Feds tracked him to the South Pacific island nation of Vanuatu, about 500 miles west of Fiji, where he was living with a pregnant Baker-Harber. In June 2021, according to ArtNet, as Philbrick and a friend strolled an outdoor market, local and global law enforcers surrounded the pair. They demanded to know if he was Inigo. He said he was and officers zip-tied his wrists, put him into a car and whisked him to an airstrip. Philbrick’s last private jet flight awaited him: A Gulfstream that would transport the fugitive to Guam where FBI agents took the disgraced dealer into custody.

Los Angeles art collector/dealer Stefan Simchowitz, who “did a small deal with [Philbrick] – for a $20,000 painting,” told The Post that the dealer was “a young guy who got in over his head … and was too cool for school. He is not an arch criminal but he is a f–king idiot.”
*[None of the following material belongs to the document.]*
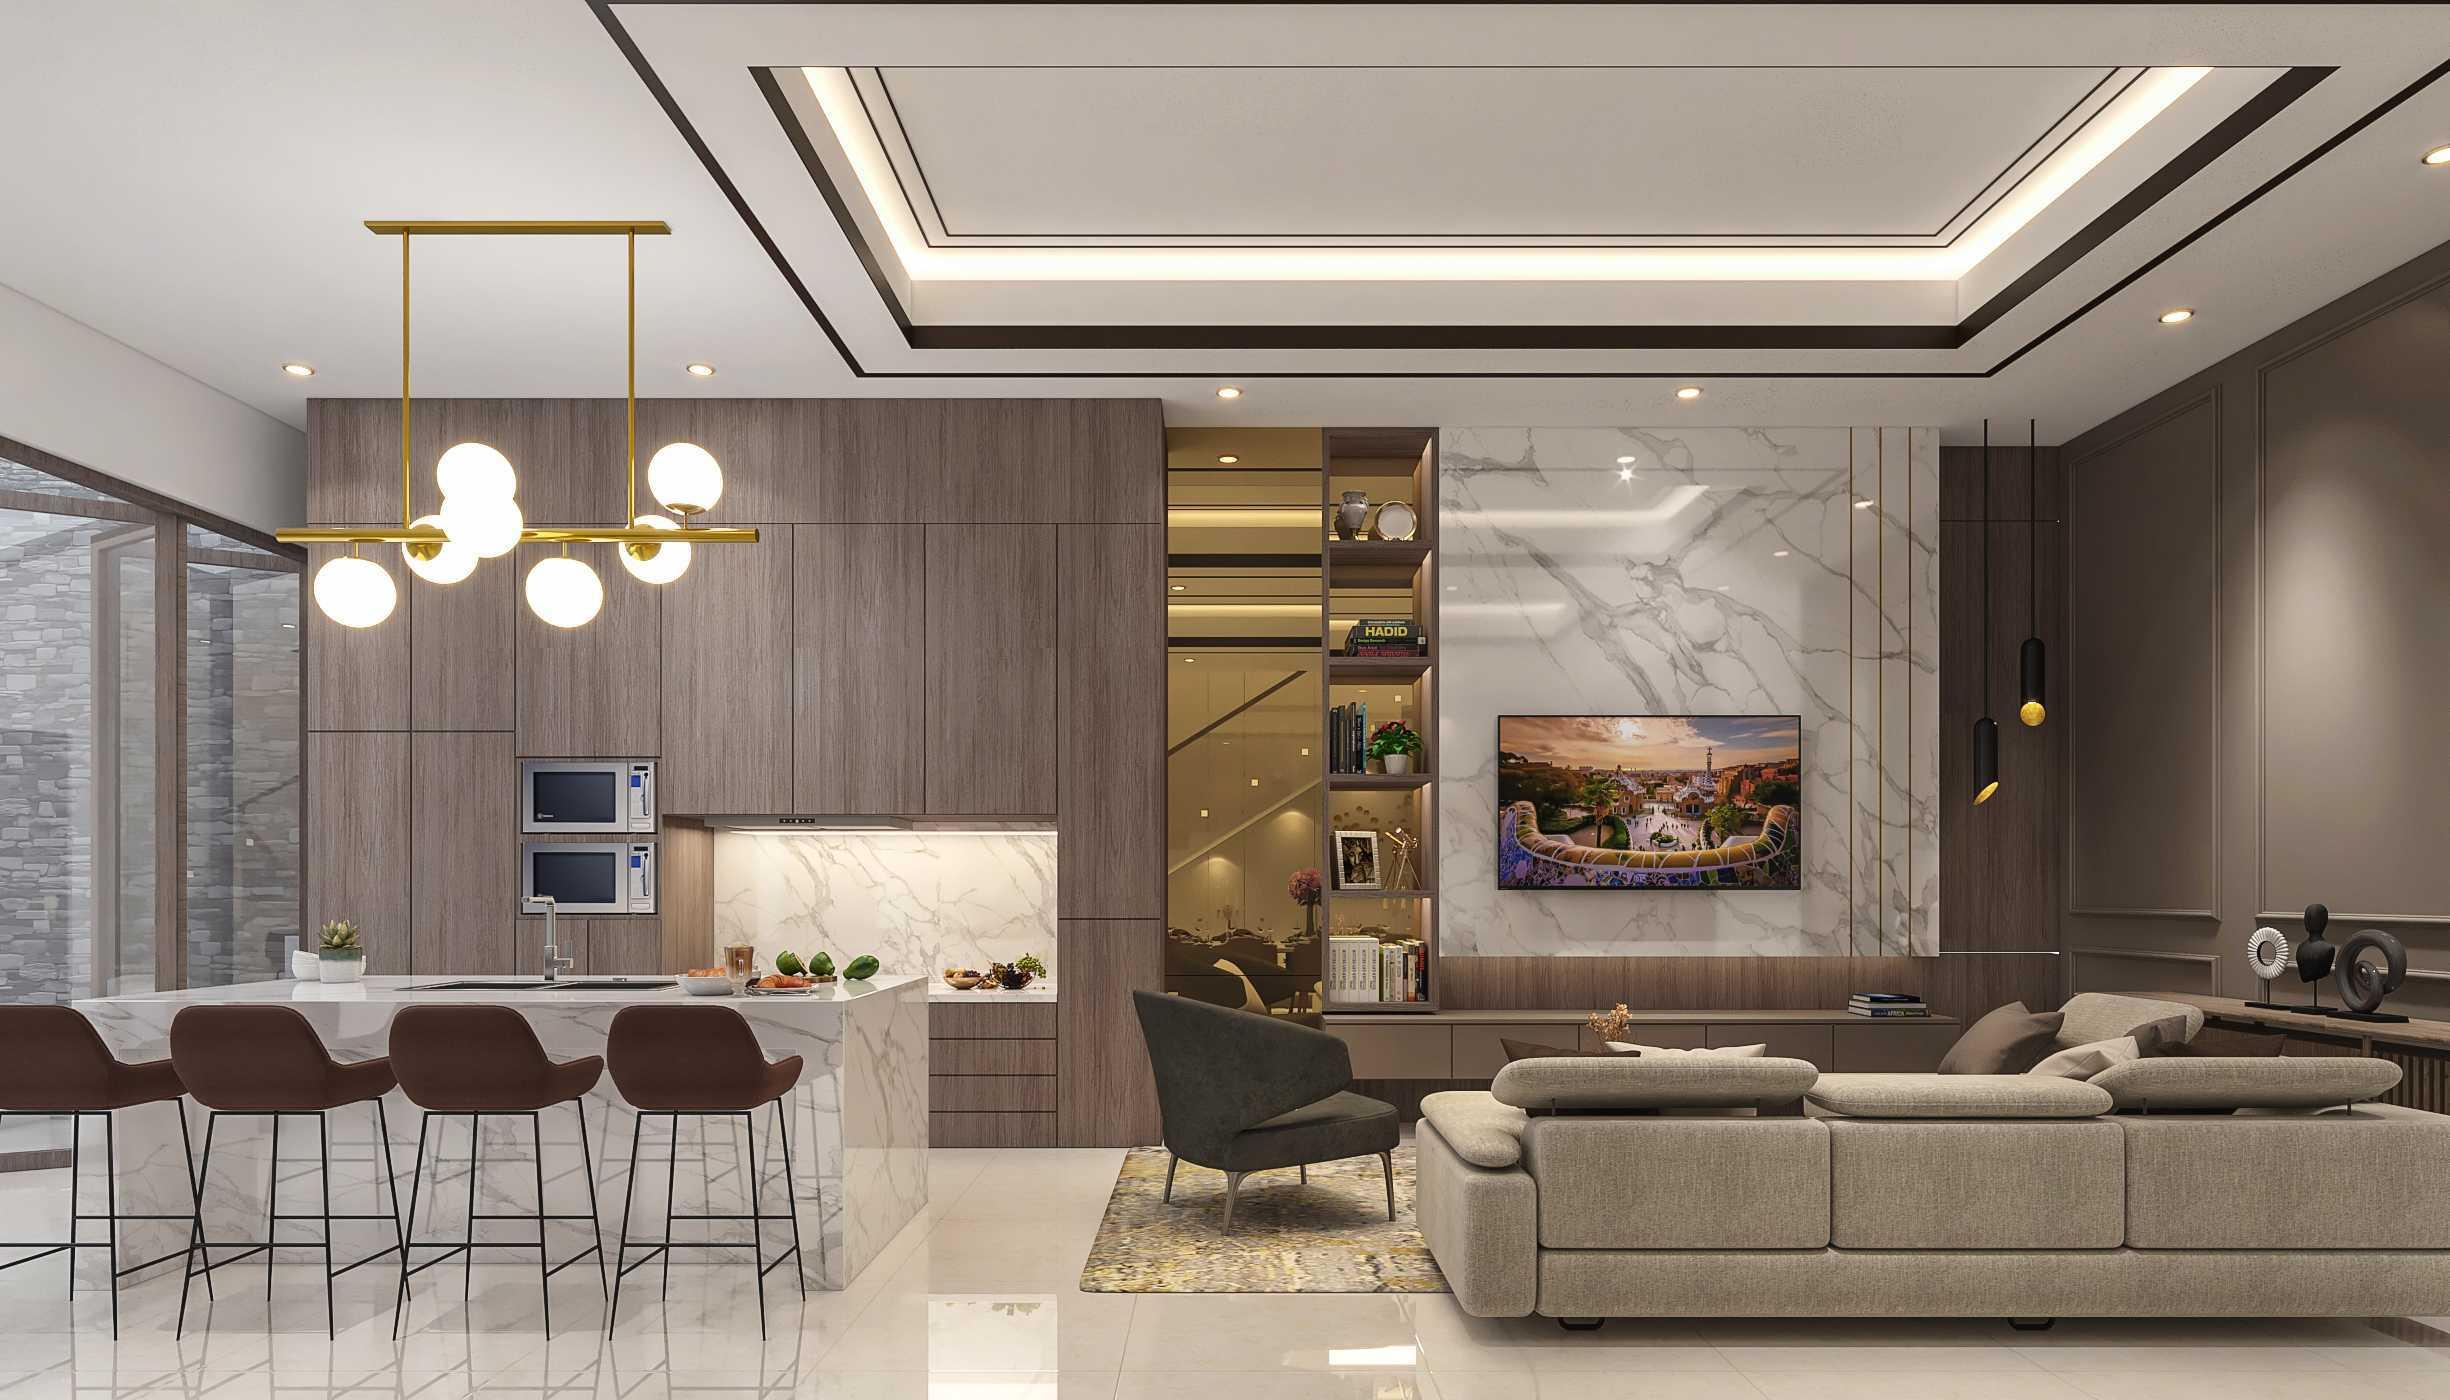 Mula Design Studio S House Jakarta Utara, Kota Jkt Utara, Daerah Khusus Ibukota Jakarta, Indonesia Jakarta Utara, Kota Jkt Utara, Daerah Khusus Ibukota Jakarta, Indonesia Mula-Design-Studio-S-House   104807

His fiancée wrote to the court: “He always believed there was a solution instead of confronting the problem.”

Meanwhile, Philbrick’s attorney, Jeffrey Lichtman, insists the shiny veneer belies a more complex reality. “People look at Inigo and see what they consider to be a wealthy, blue-blooded art dealer,” Lichtman told The Post. “They don’t get the guy at all … His daughter was born while he was incarcerated. He still has not met her. He is suffering in the way that average defendants do not suffer.”

Days before the sentencing, Grossman considered how Philbrick got away with his high-flying schemes: “He was very personable, very smart, very good at identifying opportunities for investment. But he developed relationships of trust and confidence and abused them.”